» Raw data:
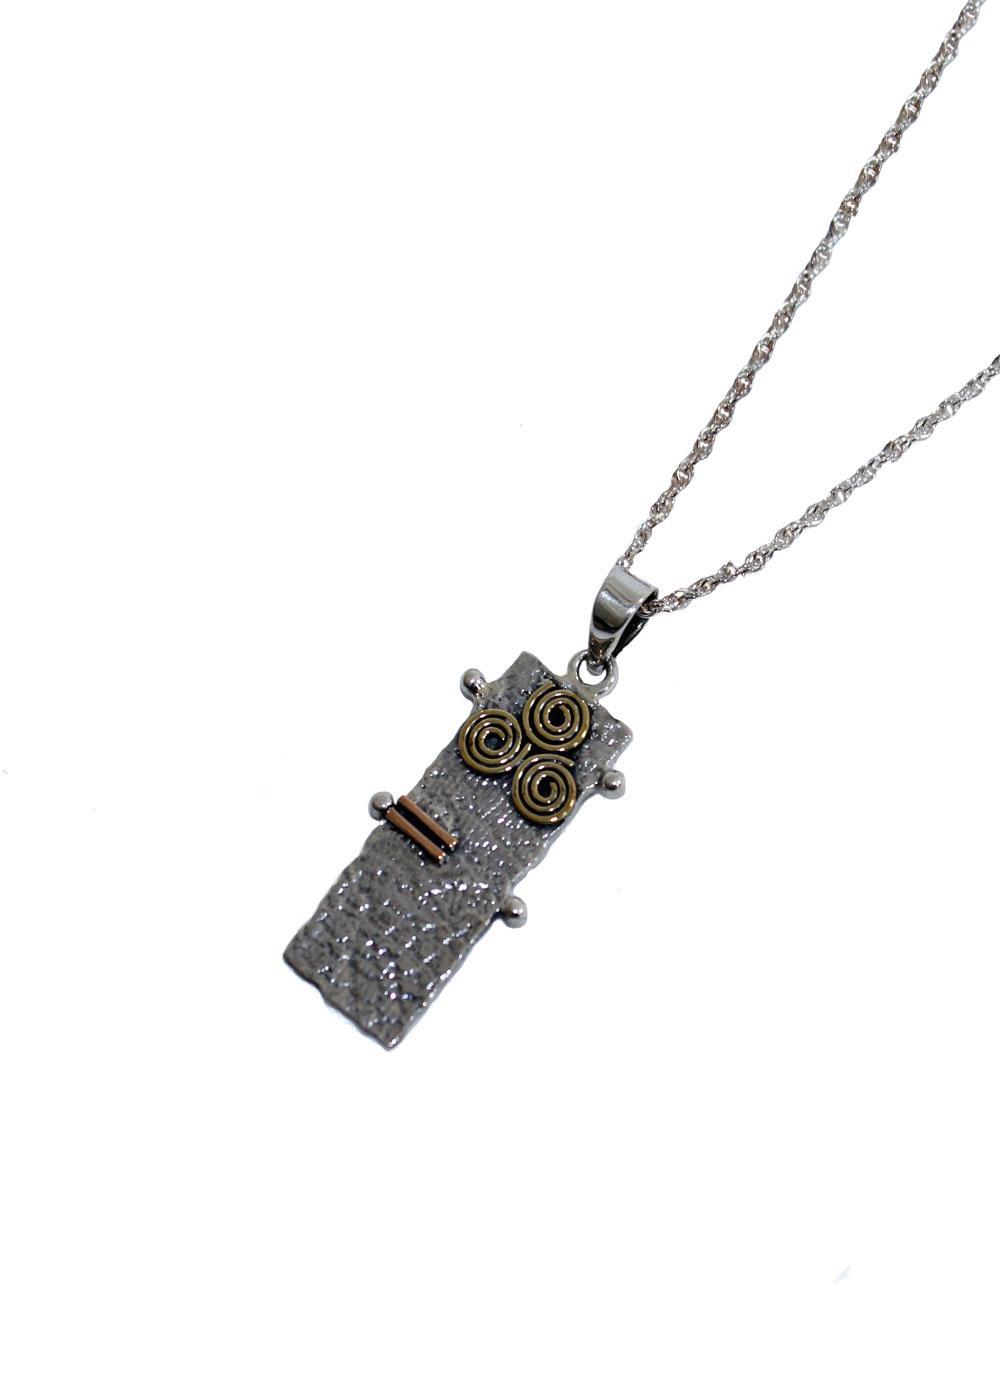 Banshee silver ogham pendant blarney banshee silver ogham pendant aloadofball Images
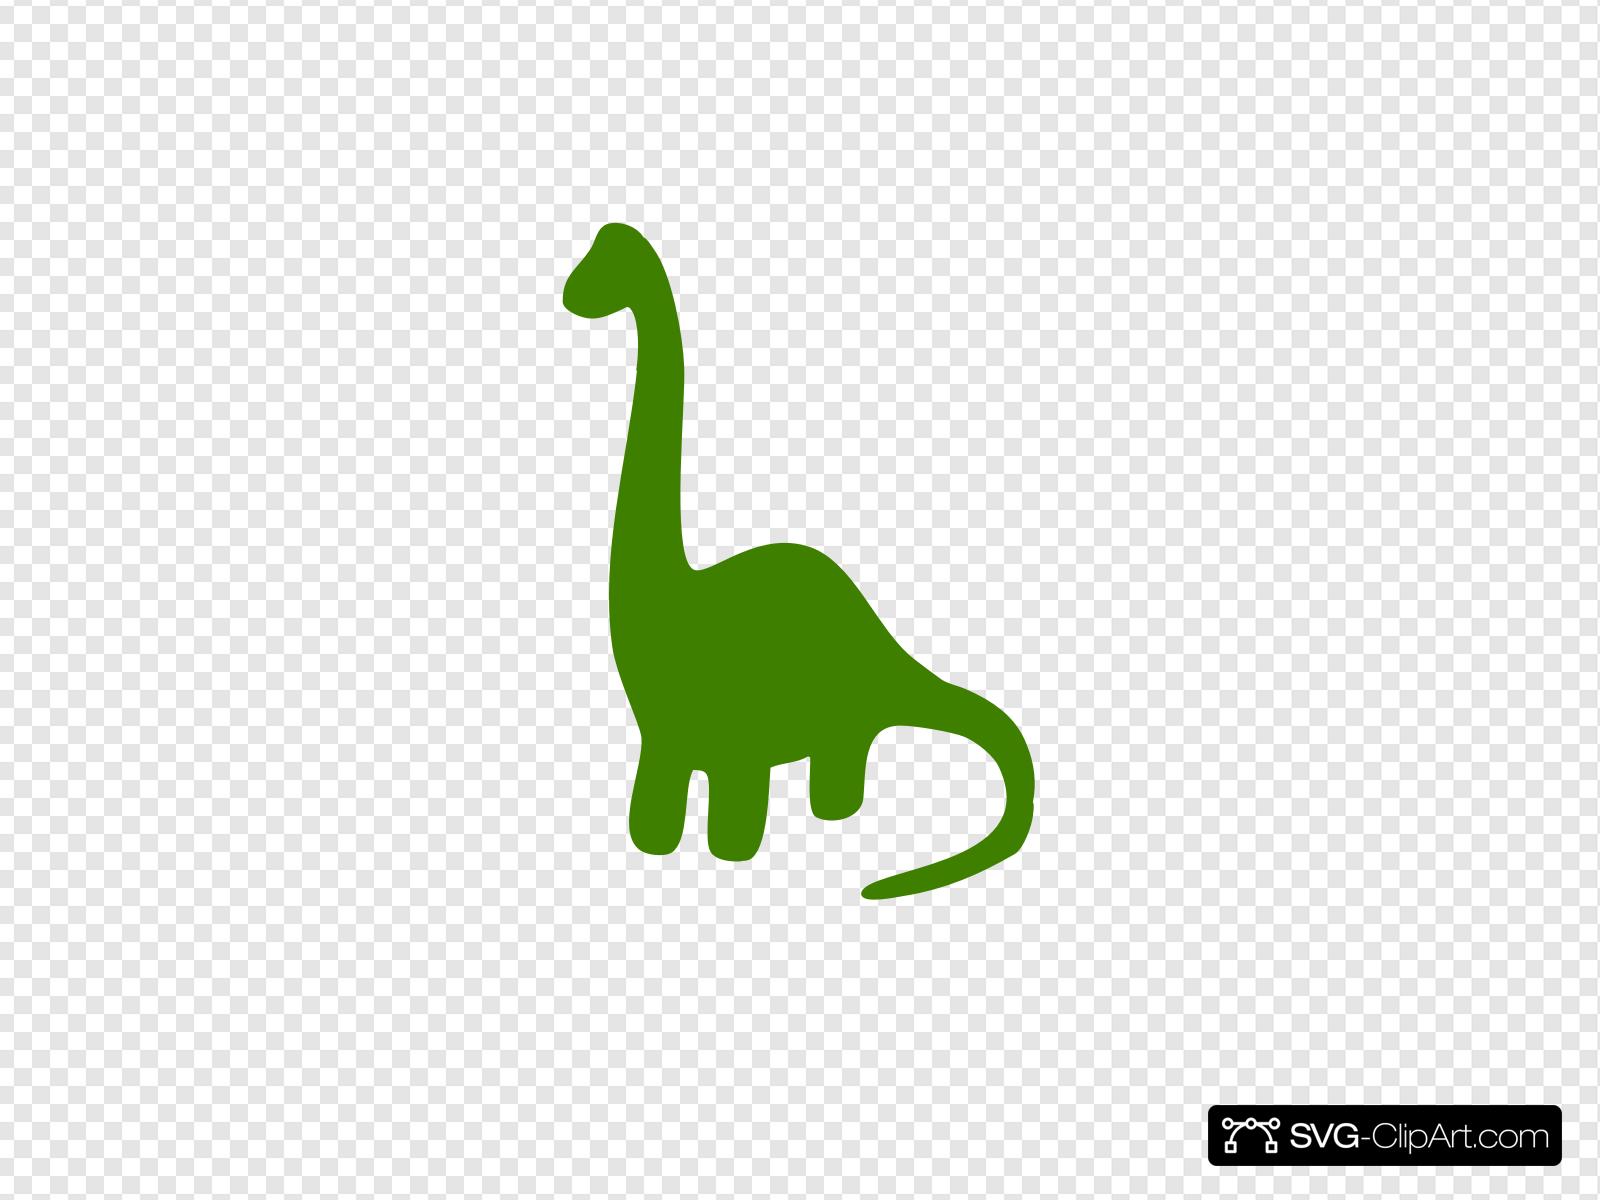 Green Bronto Clip art, Icon and SVG.
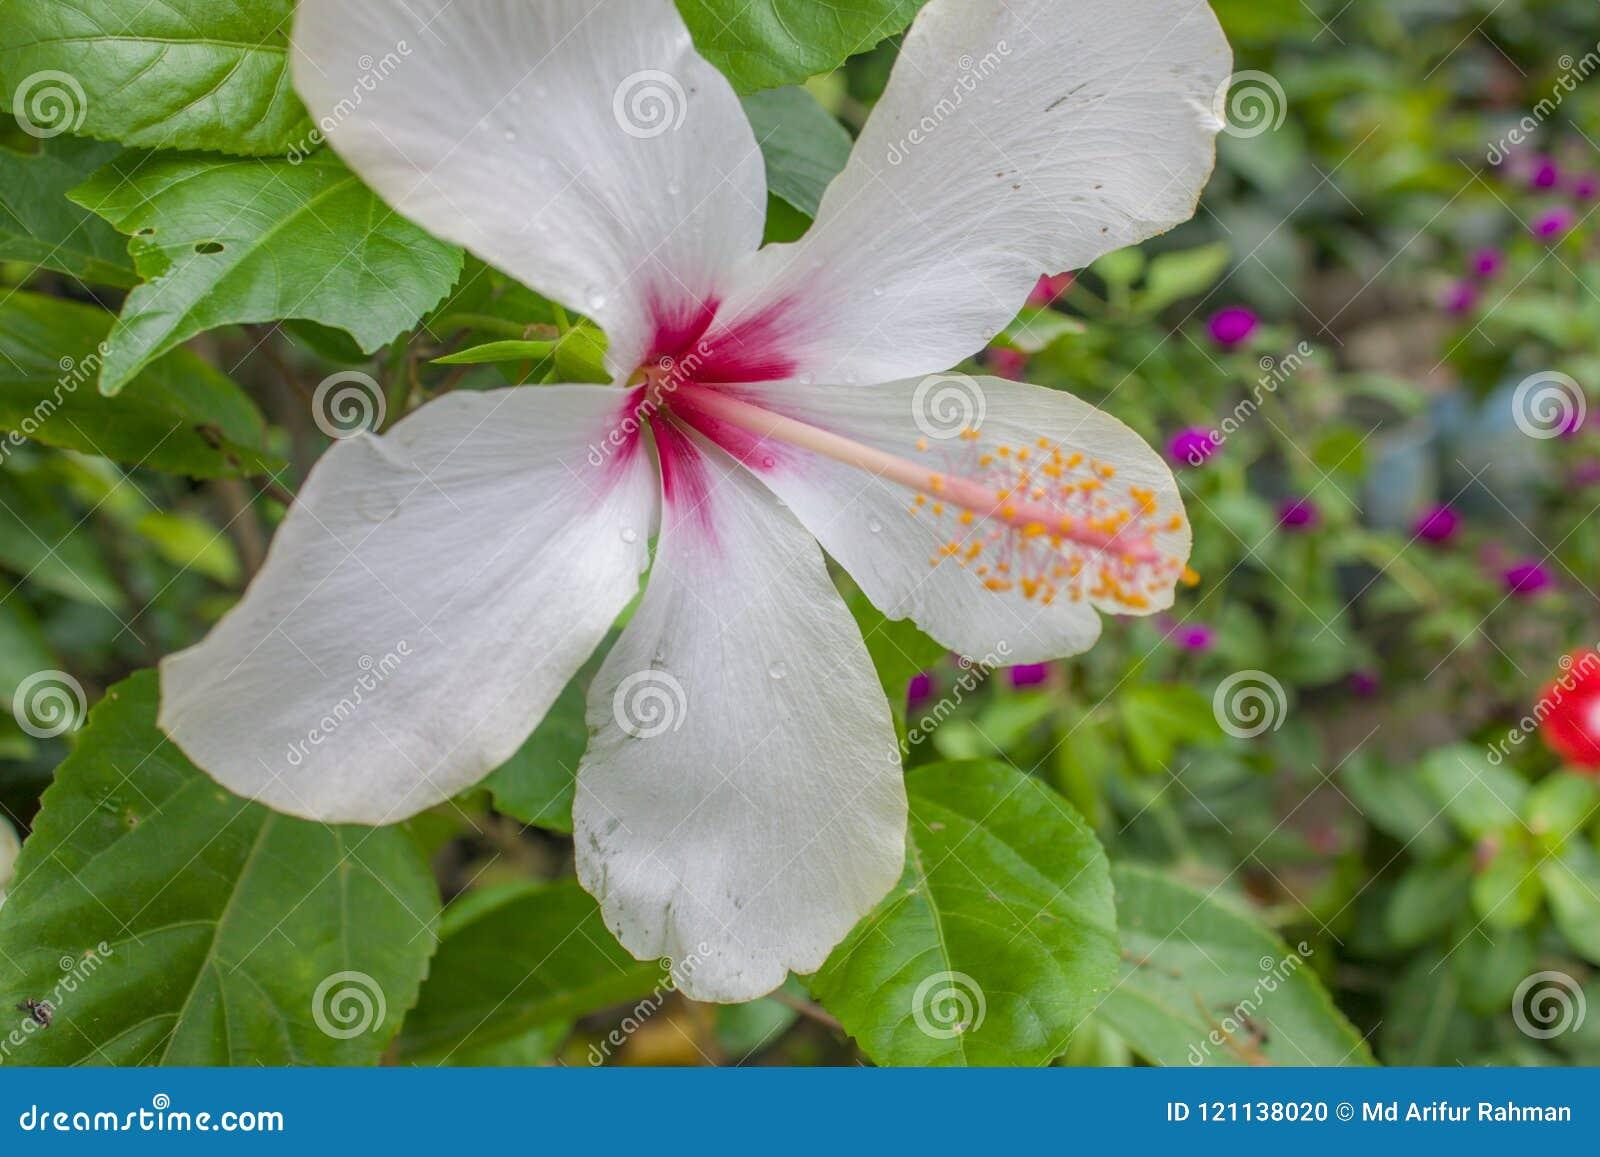 White China Rose Flower At Garden White Hibiscus Flower Stock
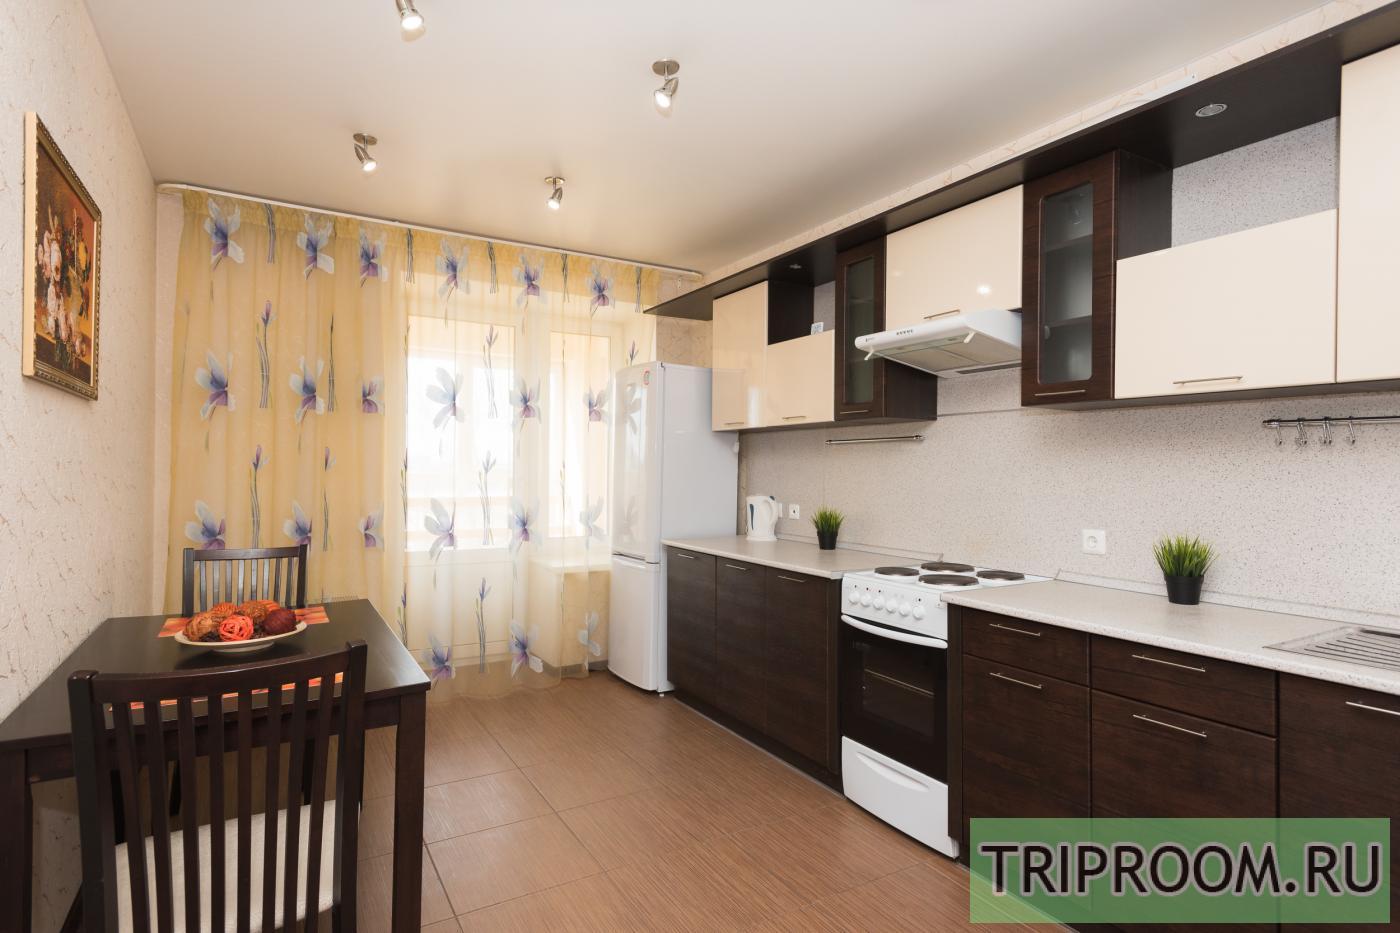 1-комнатная квартира посуточно (вариант № 16259), ул. Смазчиков улица, фото № 3

» Exercise: In the answer, the data should reappear exactly, with no pictures.

» Task solution:
 Banshee silver ogham pendant blarney banshee silver ogham pendant aloadofball Images
 Green Bronto Clip art, Icon and SVG.
 White China Rose Flower At Garden White Hibiscus Flower Stock
 1-комнатная квартира посуточно (вариант № 16259), ул. Смазчиков улица, фото № 3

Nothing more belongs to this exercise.